**WORK REQUIRED**
Reproduce the listing exactly and skip over any pictures.

[PROVIDED MATERIAL Boundary: Start]

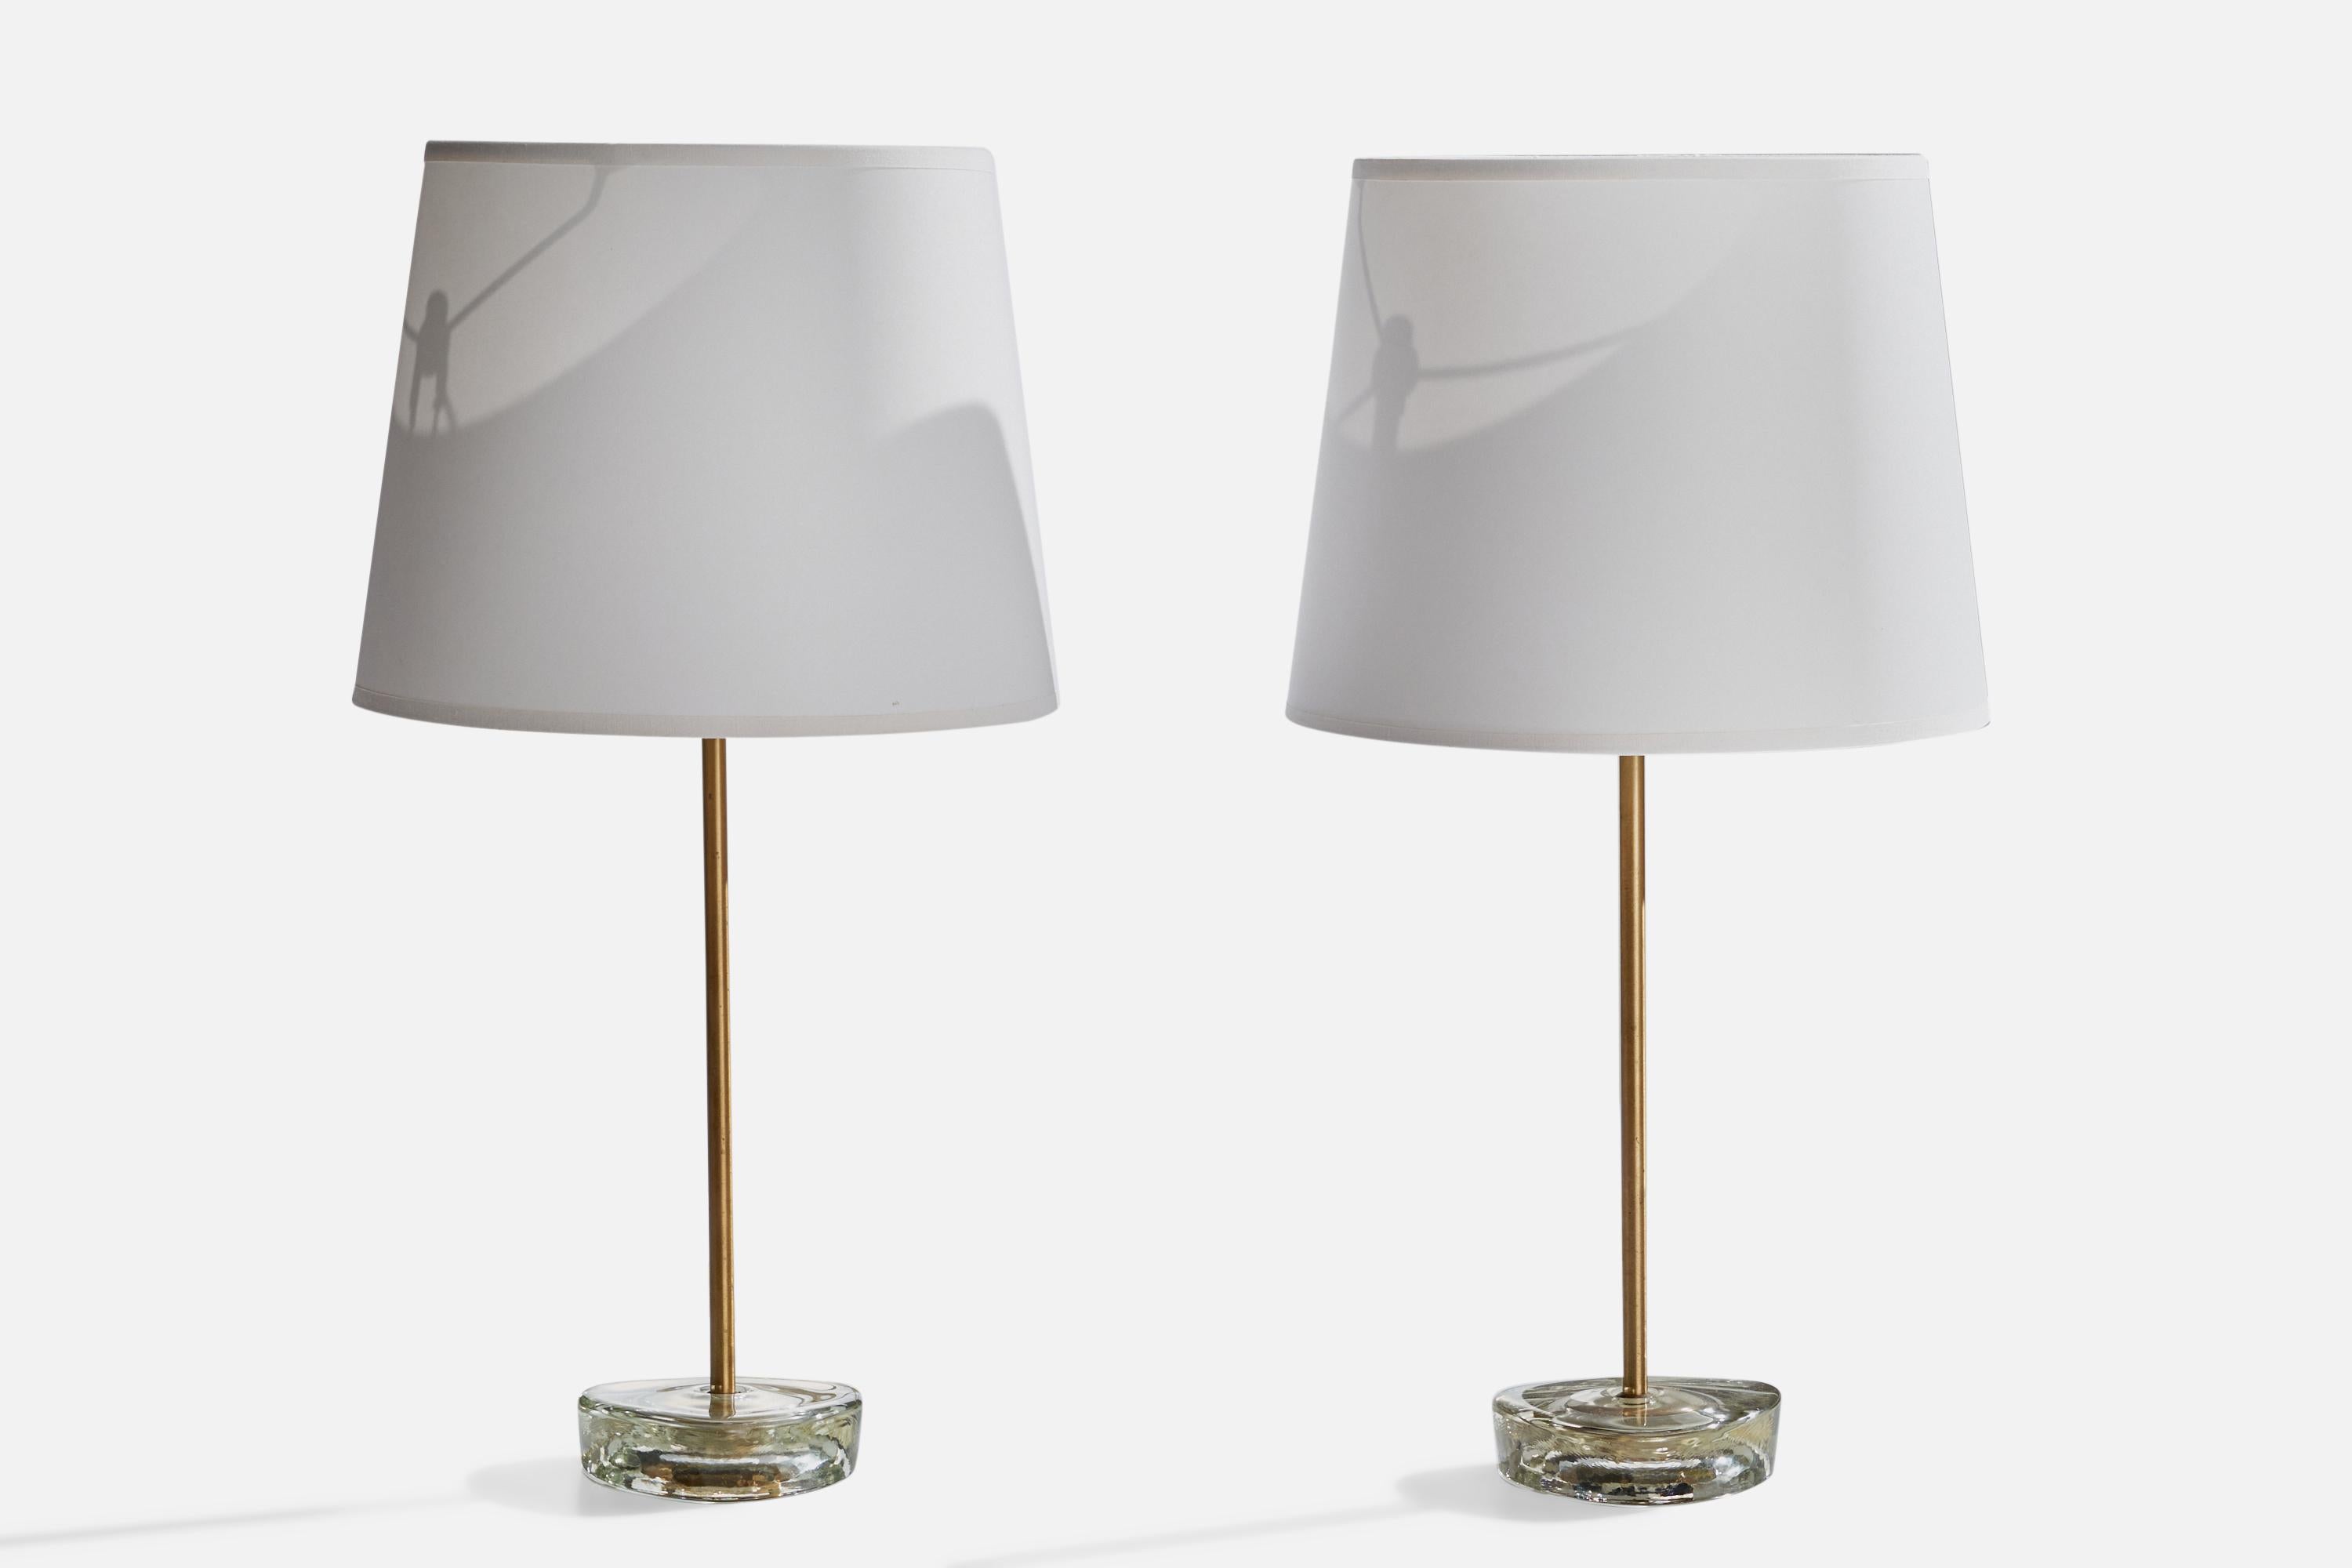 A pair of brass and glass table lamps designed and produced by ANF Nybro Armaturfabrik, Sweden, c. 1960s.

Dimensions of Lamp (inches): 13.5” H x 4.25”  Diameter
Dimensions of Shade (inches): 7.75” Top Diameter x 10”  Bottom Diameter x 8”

[PROVIDED MATERIAL Boundary: End]

**ANSWER BOX**
 A pair of brass and glass table lamps designed and produced by ANF Nybro Armaturfabrik, Sweden, c. 1960s.

Dimensions of Lamp (inches): 13.5” H x 4.25”  Diameter
Dimensions of Shade (inches): 7.75” Top Diameter x 10”  Bottom Diameter x 8”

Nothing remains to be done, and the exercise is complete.